Biogeochemical cycling of AMGs associated with phosphorus metabolism in Napahai plateau wetland
Viruses are the gene carriers in susceptible hosts, and AMGs introduced by viruses into new hosts can enhance viral replication and/or influence key microbial metabolic pathways of the biogeochemical cycles24. It is well known that phosphorus is an essential nutrient and plays essential roles in cells25. Phosphorus deficiency leads to restricted cell division, down-regulation of photosynthesis, reduced protein and nitrogen content and chlorophyll synthesis26. To study the effect of AMGs associated with phosphorus metabolism, a phosphorus metabolic pathway containing phoH, phoU and pstS genes was constructed based on metagenomic data (Fig. 6). When phosphorus deficiency occurs in the host, it leads to the expression of phoH, phoU and pstS genes. phoH is a phosphate starvation inducible gene, while pstS acts as a phosphate transport gene and phoU belongs to a phosphate regulatory gene that produces dissolved inorganic phosphorus (DIPs), which then undergoes a series of reactions to produce ATP. The generated ATP becomes PolyP under the action of ppK which encoding polyphosphate kinase, or is used in Calvin cycle to provide energy for Ru5P to produce RuBP, or is used for DNA biosynthesis to provide energy. PolyP is regenerate into DIP with ppX which encoding exopolyphosphatase, and also involves in the biosynthesis process of DNA as Pi to provide phosphate for the nucleic acids synthesis. Thus, phosphorus metabolism of AMGs invoved plays a significant role in the life process of the virus and host. In addition, phoE and ugpQ genes also are identified in Napahai plateau wetland, but their roles in the phosphorus cycling are currently unknown and need further study.

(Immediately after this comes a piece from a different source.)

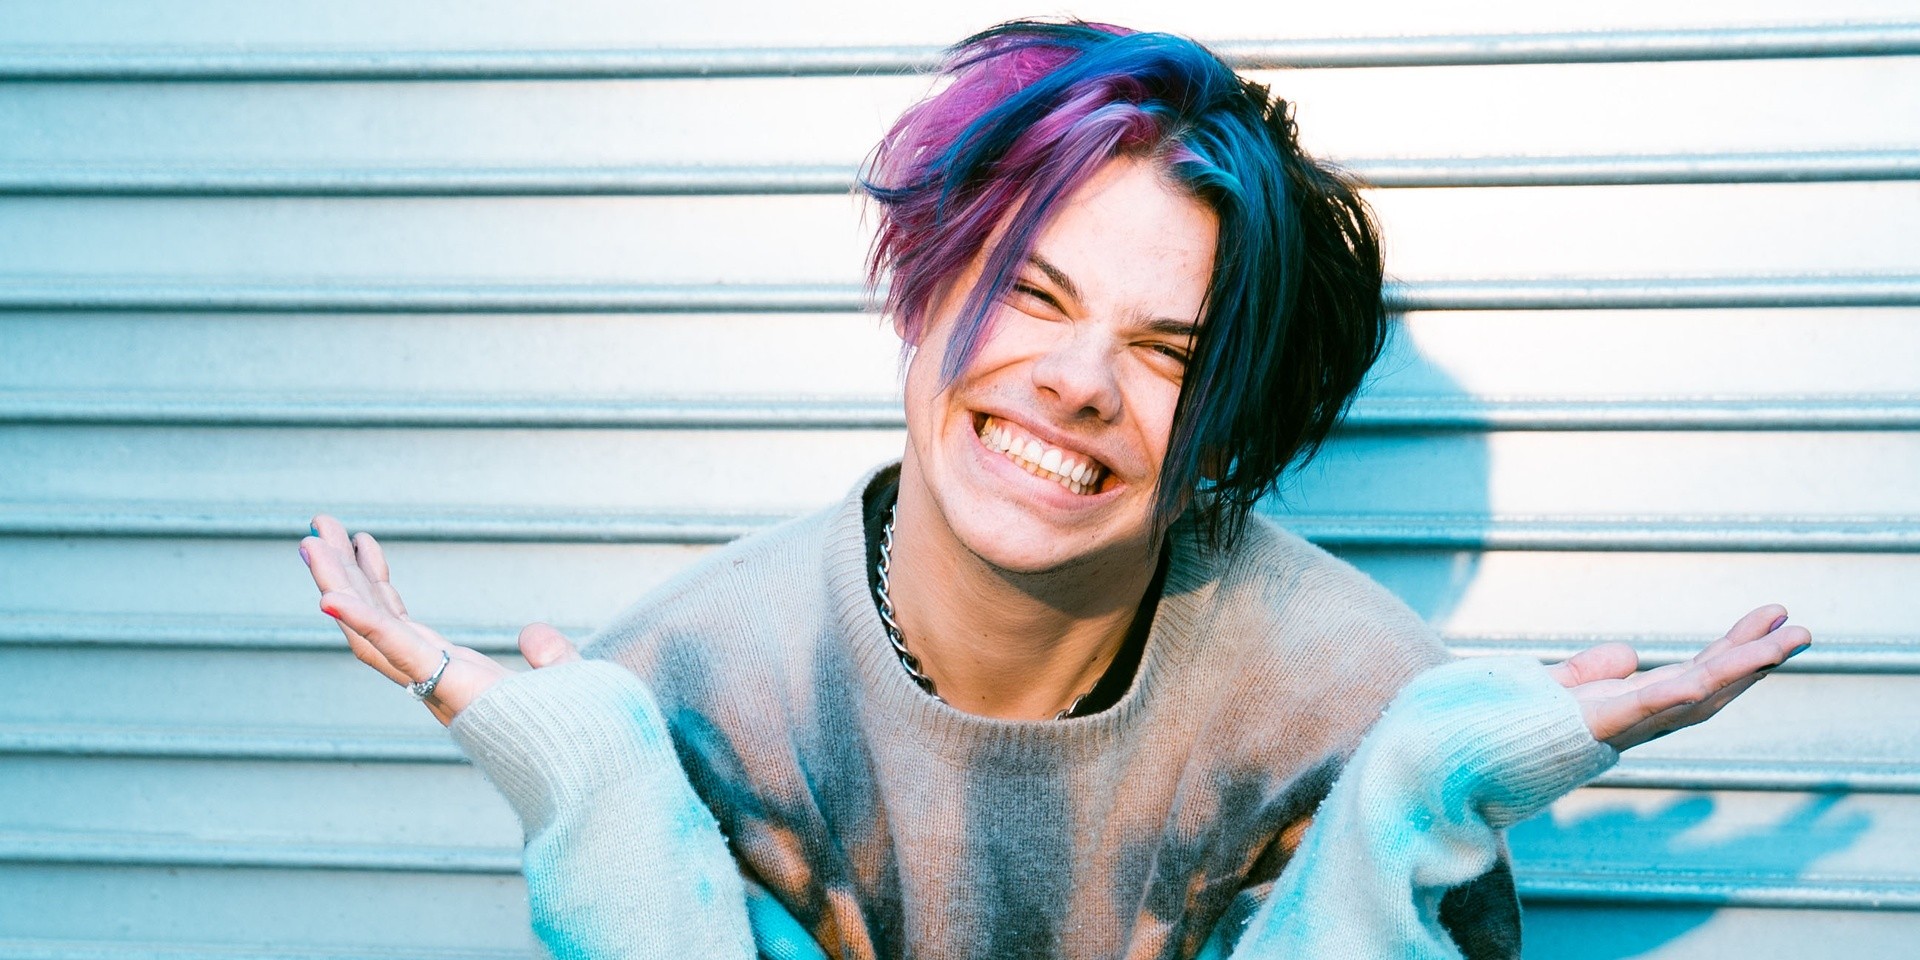 "It’s about being unified in love, in acceptance, in equality": YUNGBLUD on the role of his 'Weird' music in today's society

Based on the phylogenetic and PCoA analyses, we found that the phoH, phoU, and pstS genes all showed unique sequences, which might be drive the microorganisms to produce the phosphorus metabolic pathway in Napahai plateau wetland. Of course, in order to prove this pathway, further validation might be done by metabolomics or metabolic flow method. Furthermore, the phosphorus metabolic pathway was poorly reported, so we could not compare with the phosphorus pathway from other environment to find commonalities and differences.